The latest restoration plan, announced in July, 2022 is the result of years of debate over the future of the spa town. It is supported by a number of tourism feasibility studies, including university research projects and reports conducted by international firms like the American real estate company Cushman and Wakefield (2021) and the Swiss consultancy firm Kohl & Partners (2020).
These studies demonstrate increased interest in the restoration of the tourism industry in Tskaltubo on the part of both foreign and domestic investors, who are motivated by the region’s persistently high unemployment rates and the indisputable allure of the grand buildings. Notably, however, none of these studies mentions the IDPs still living in the former sanatoria, nor do they propose solutions for their resettlement.

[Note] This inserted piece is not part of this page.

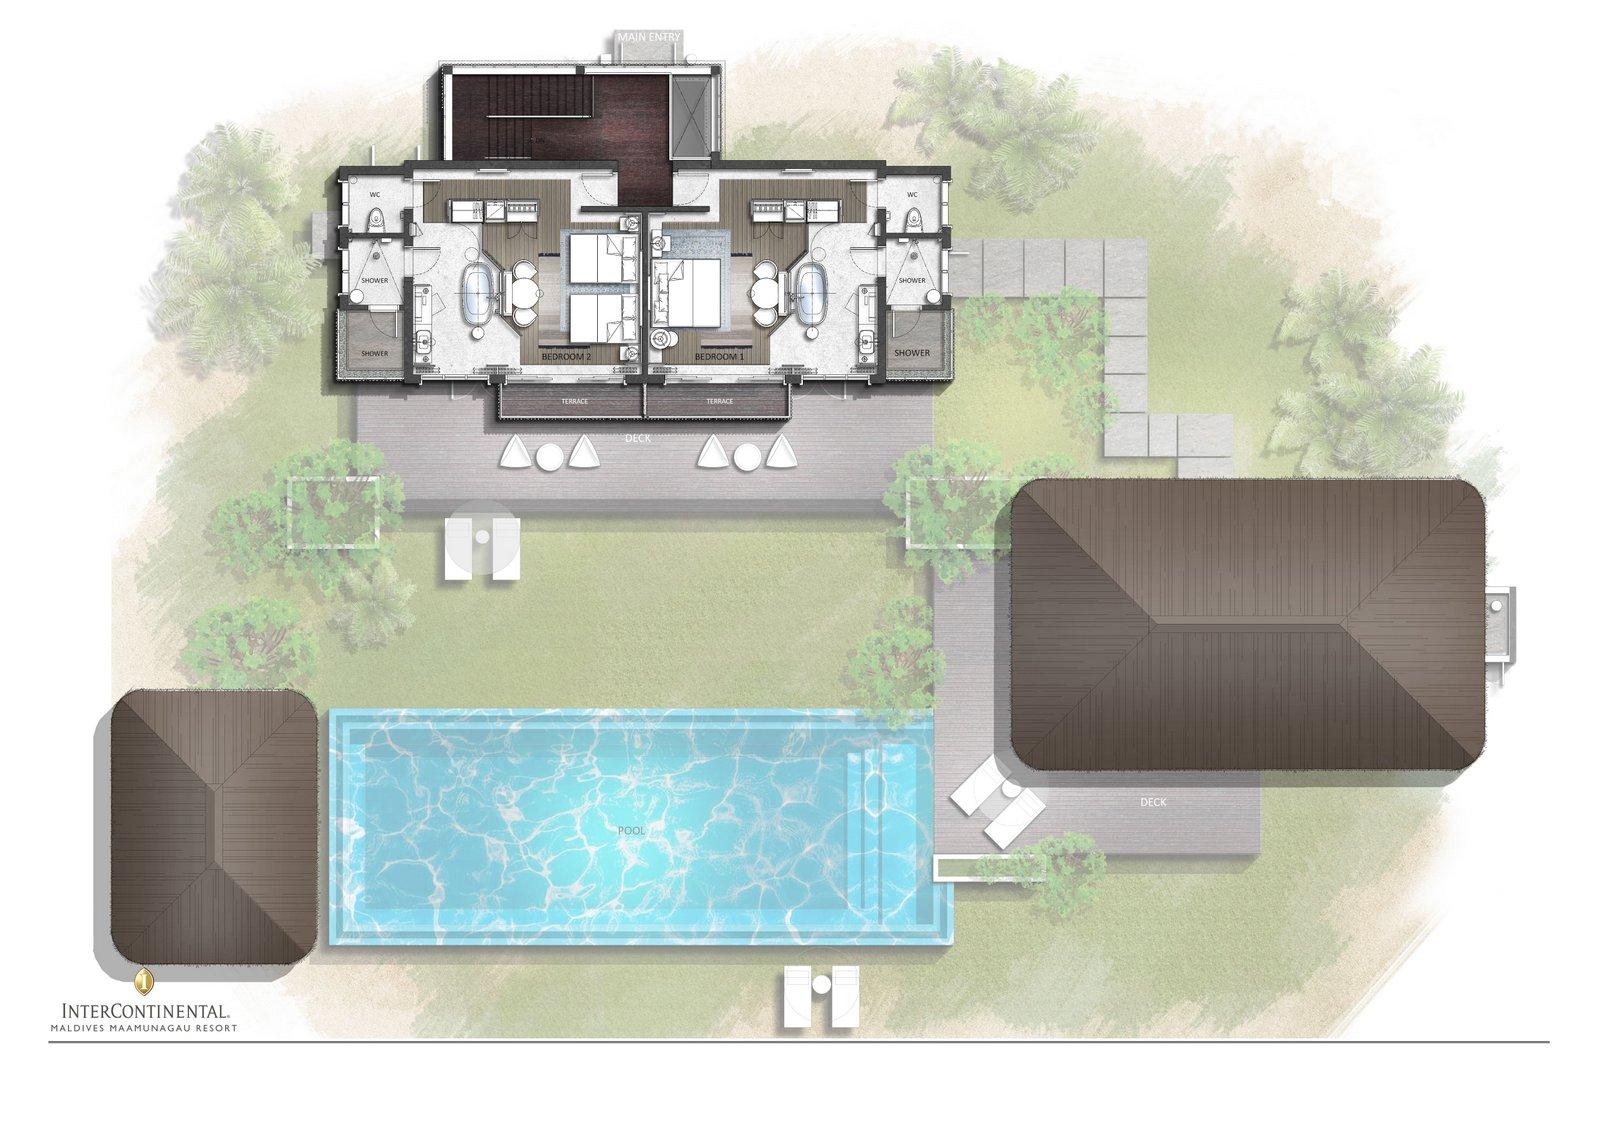 Мальдивы, отель Intercontinental Maldives Maamunagau, план-схема номера Three Bedroom Lagoon Residence

Instead, promotional materials framing Tskaltubo as a destination for heritage tourism have effectively omitted information about IDP habitation. This tactic is congruent with a broader global trend in which heritage tourism glosses over histories of displacement and deepens risks for the most vulnerable. Despite the government’s promises to elevate local standards of living, both IDPs and local Georgians continue to face high employment and limited opportunities. While visitors to Tskaltubo have the privilege of aestheticizing the palatial ruins of former sanatoria, the IDPs cannot see their surroundings as anything but the product of marginalization and negligence by the Georgian state.
As of 2025, only four of Tskaltubo’s sanatoria have been privatized. Among them is Sanatorium Tbilisi, which, though once in a state of disrepair, has finally undergone a long-awaited reconstruction. Foreign investors accelerated the revitalization process with the goal of restoring the sanatorium to its original condition. Their vision was to establish it as a year-round wellness destination, capitalizing on Western Georgia’s mild climate and the curative radon-containing waters. According to construction workers on site, the new clientele is expected to consist of wealthy Russians eager to relive the grandeur of Soviet-era splendor. This transformation highlights the shifting ownership of Tskaltubo’s sanatoria over time, from Soviet state control to private hands in capitalist Georgia, ultimately serving the very descendants of the former Soviet elites.
Prioritizing the sanatoria’s Soviet-era legacy over their more recent role as shelters for displaced people erases a vital chapter of Tskaltubo’s history. This selective memory, reinforced by official narratives and tourist imagery, reduces the buildings to symbols of aesthetic nostalgia rather than lived spaces of resilience and adaptation. Moreover, although the neoclassical grandeur of Soviet-era monumentalism continues to attract thousands of tourists every year, an overreliance on tourist money ultimately limits possibilities for the meaningful investment the town truly needs. Without acknowledging the full, complex life of these structures—and the communities that sustained them—Tskaltubo risks becoming a stage set for curated memory rather than a space for a collective future.